The thesis focuses on the feasibility of manufacturing fully solution-processed, vacuum-free, and ITO-free flexible organic solar cells using large-scale gravure printing techniques.

Which type of solar cell technology is investigated?

The research investigates third-generation polymer solar cells, specifically utilizing the bulk heterojunction (BHJ) principle with P3HT:PCBM active layers.

What is the main research question or goal?

The goal is to demonstrate that all layers of an inverted OPV device can be gravure-printed at scale, aiming to replace vacuum-based and ITO-dependent processes with a high-throughput, roll-to-roll (R2R) production method.

What scientific methods were used to evaluate the devices?

The study primarily used Current Density-Voltage (J-V) characterization to measure power conversion efficiency and Light Beam Induced Current (LBIC) to visualize active area coverage and identify morphological defects like viscous fingering.

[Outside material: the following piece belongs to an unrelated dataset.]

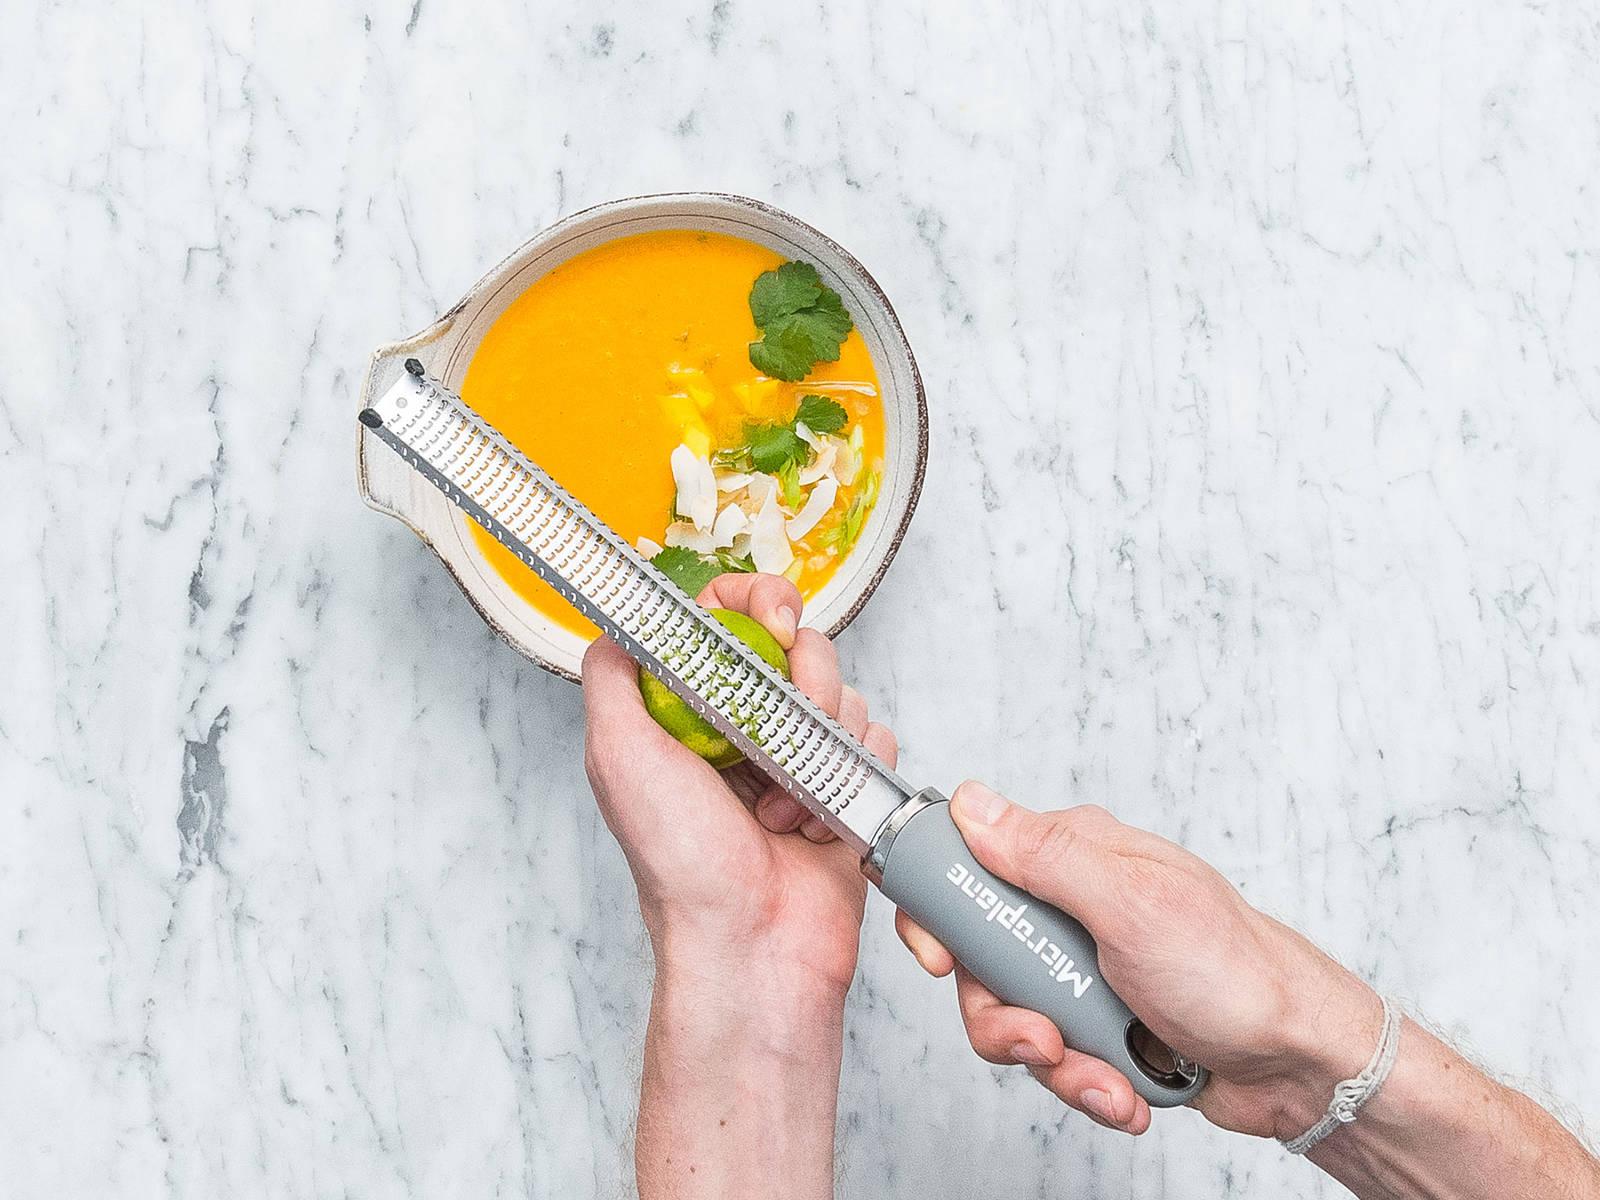 在煎锅中放入椰子片,中火烘烤,直至椰子片稍微变棕色。将汤倒入碗中,饰以芒果丁、烤椰子片、葱末、香菜末和青柠皮碎。尽情享用吧!

What are the major challenges addressed in the work?

Key challenges include layer wetting and dewetting issues, achieving uniform layer thickness during printing, managing side registration of the substrate, and the limitations of the discrete manufacturing process compared to an ideal inline workflow.

Which keywords characterize this research?

The research is characterized by terms such as Organic Photovoltaics, Gravure Printing, Roll-to-Roll Processing, ITO-free, and Flexible Solar Cells.

Why was the "IOne" stack chosen for this study?

The IOne stack was chosen because it allows for an ITO-free architecture by using silver grids and PEDOT:PSS, which is better suited for full-solution, large-scale production compared to standard glass/ITO substrates.

How does the "viscous fingering" effect impact the solar cells?

Viscous fingering results in non-uniform, streaky layers with varying thicknesses, which leads to inhomogeneous electrical current generation, as visualized by LBIC imaging, and contributes to lower overall power conversion efficiency.